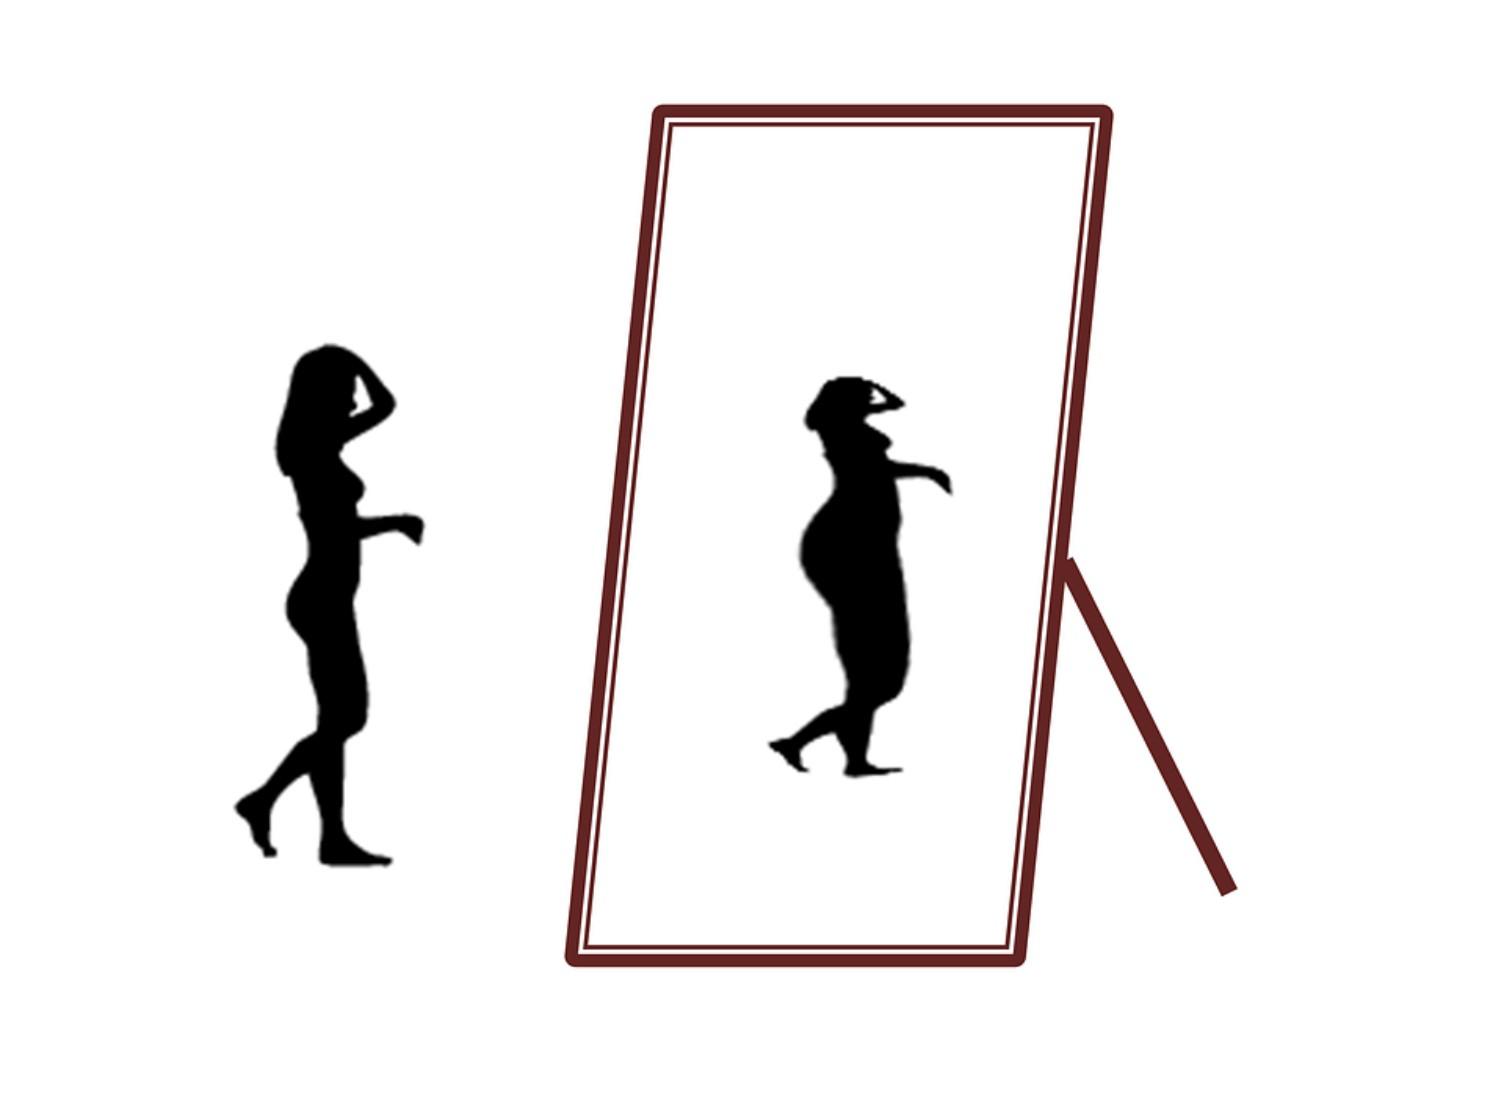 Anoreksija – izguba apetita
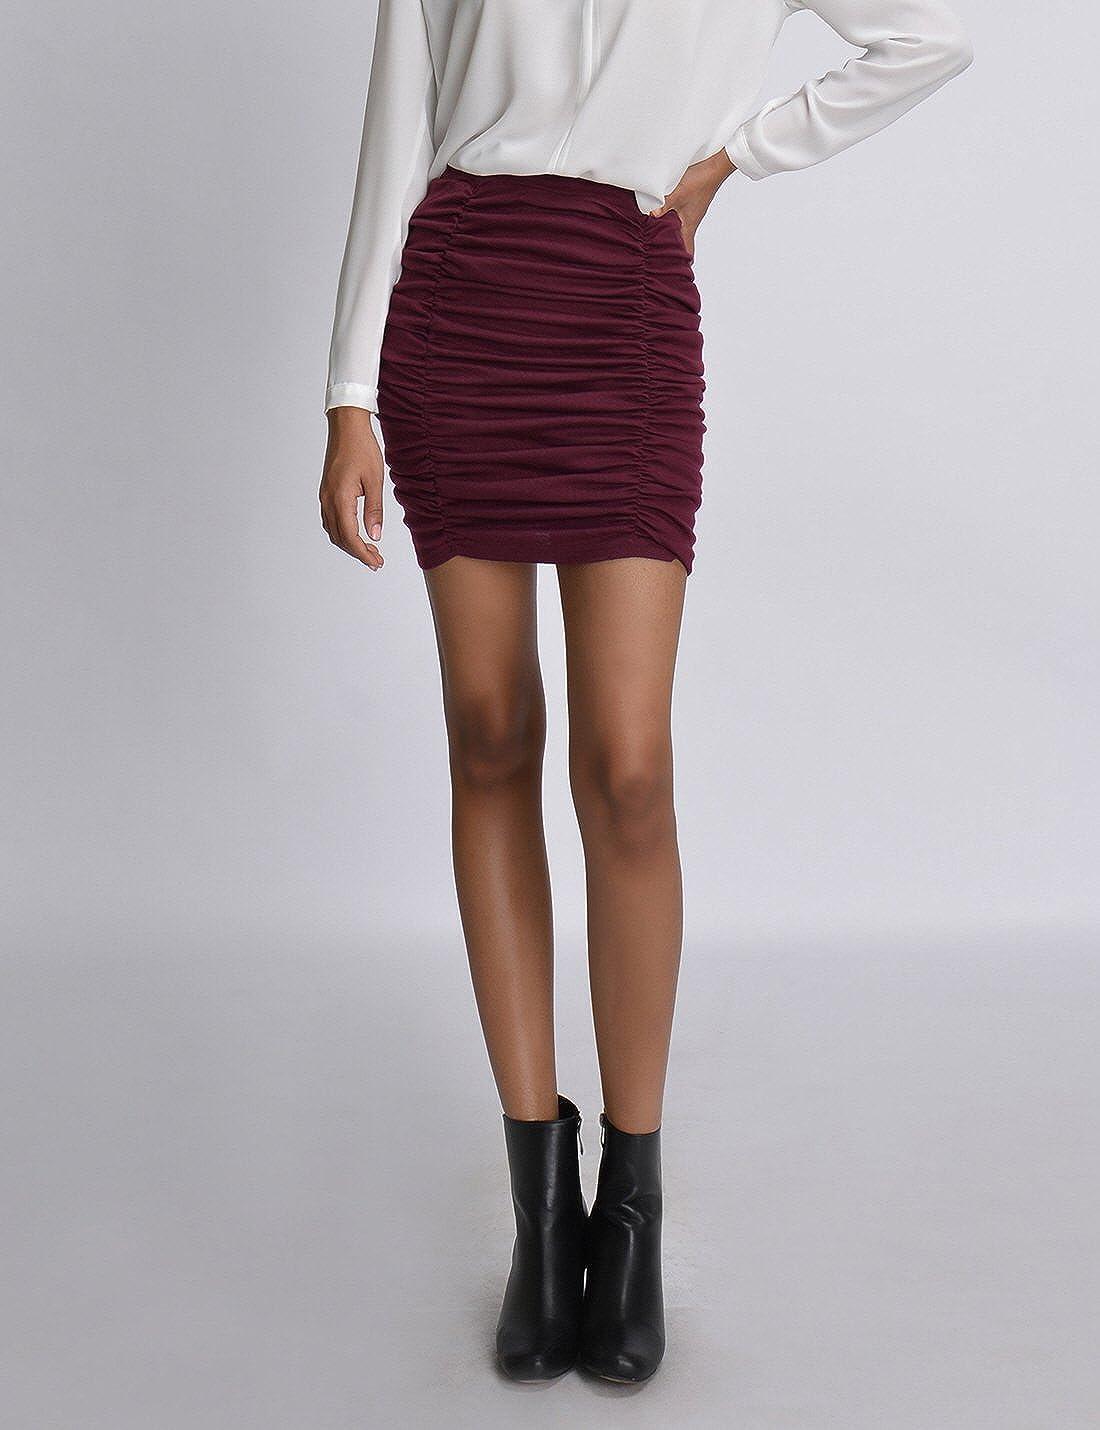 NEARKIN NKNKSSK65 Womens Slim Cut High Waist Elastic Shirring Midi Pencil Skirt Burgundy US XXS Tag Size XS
====
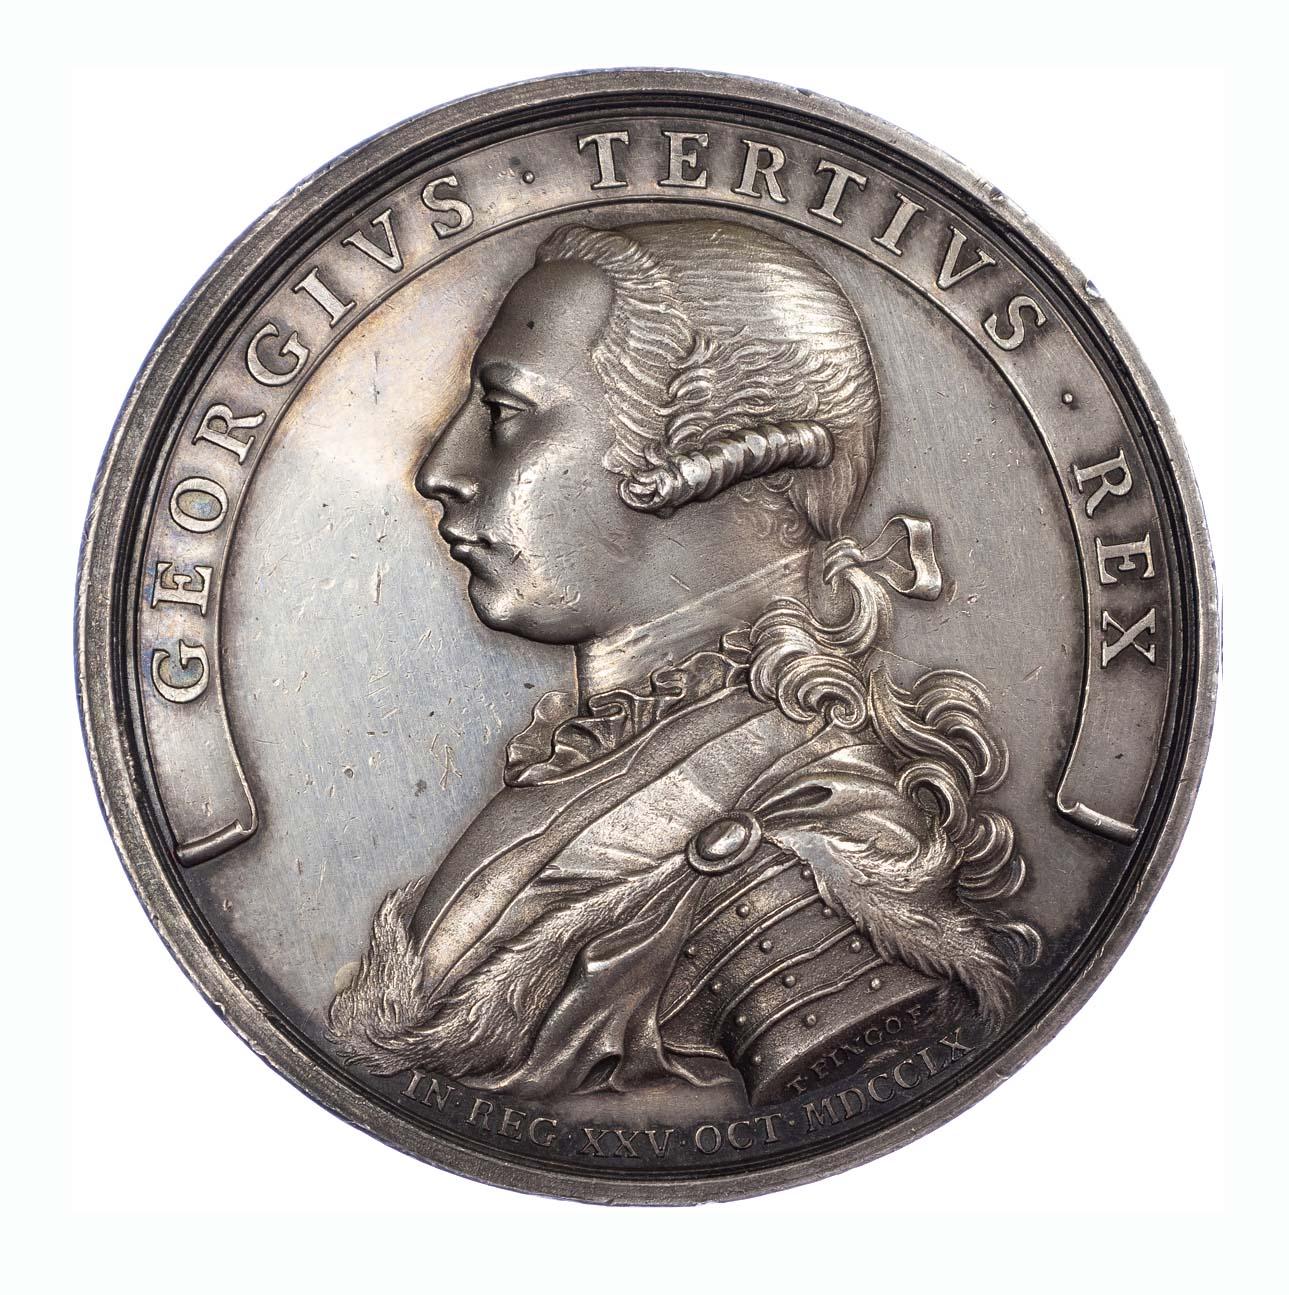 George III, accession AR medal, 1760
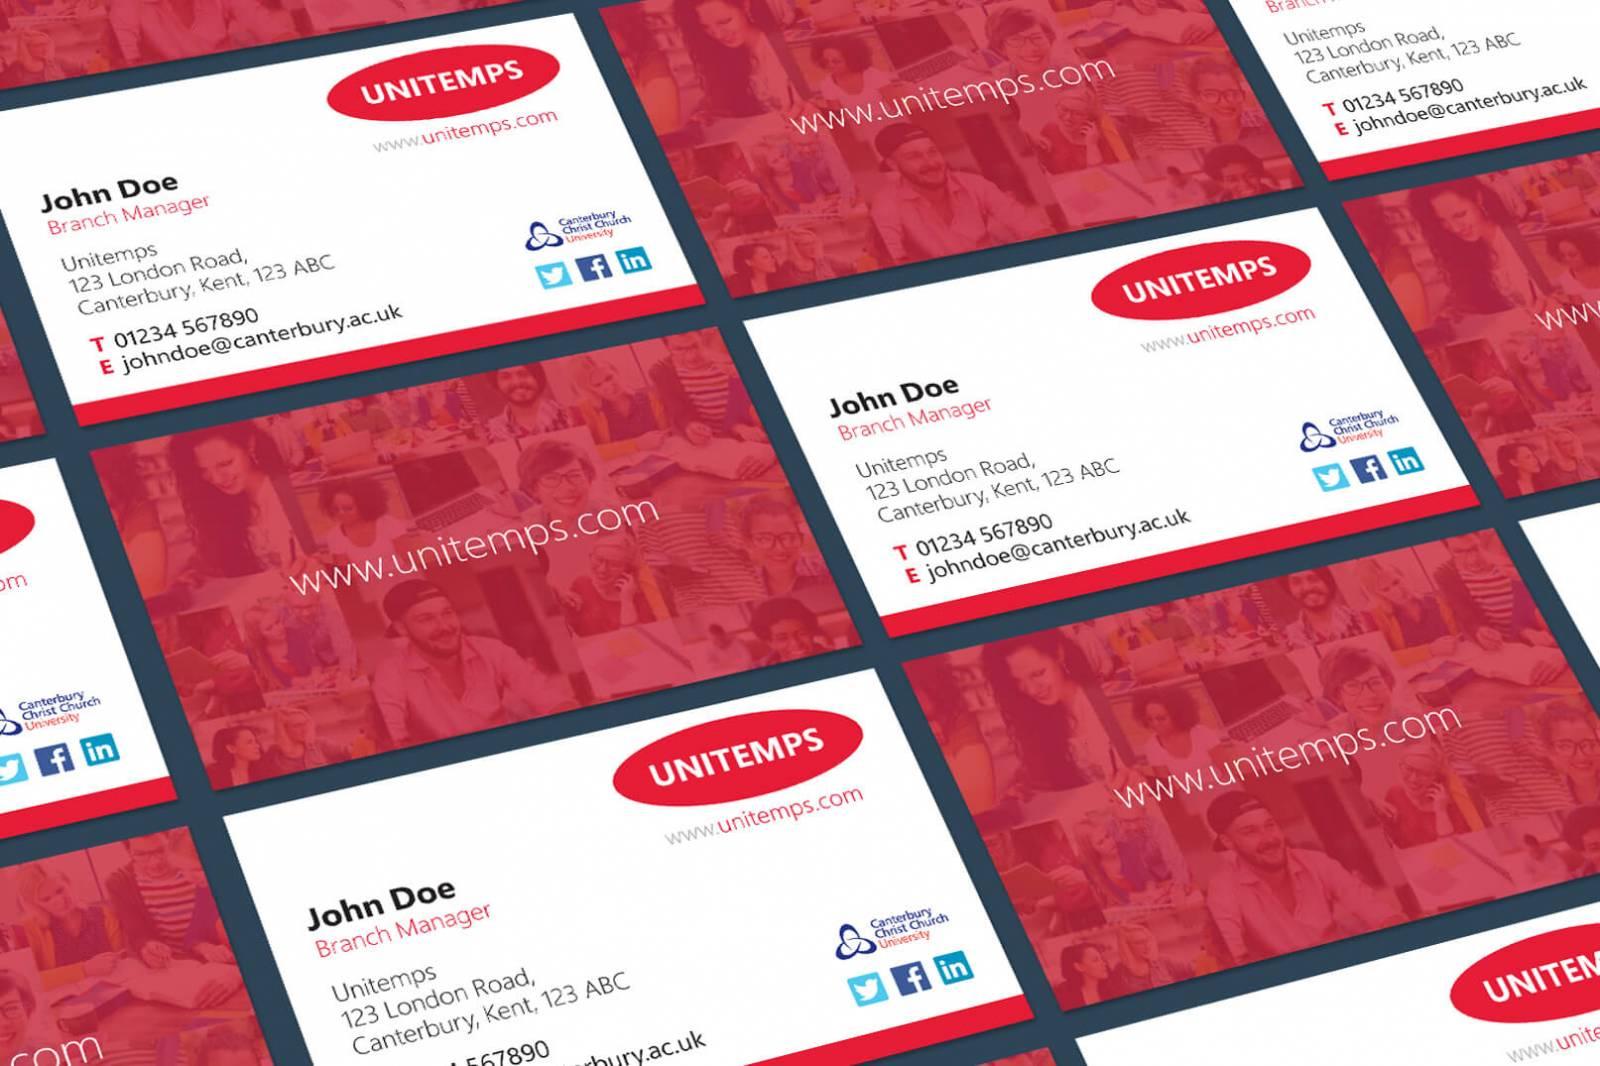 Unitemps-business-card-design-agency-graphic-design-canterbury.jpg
====
Work request> Everything above from the line with "Anoreksija – izguba apetita" through the line with "NEARKIN NKNKSSK65 Womens" should be retyped exactly, and nothing else; omit pictures.

Solution for this exercise>
 Anoreksija – izguba apetita
 NEARKIN NKNKSSK65 Womens Slim Cut High Waist Elastic Shirring Midi Pencil Skirt Burgundy US XXS Tag Size XS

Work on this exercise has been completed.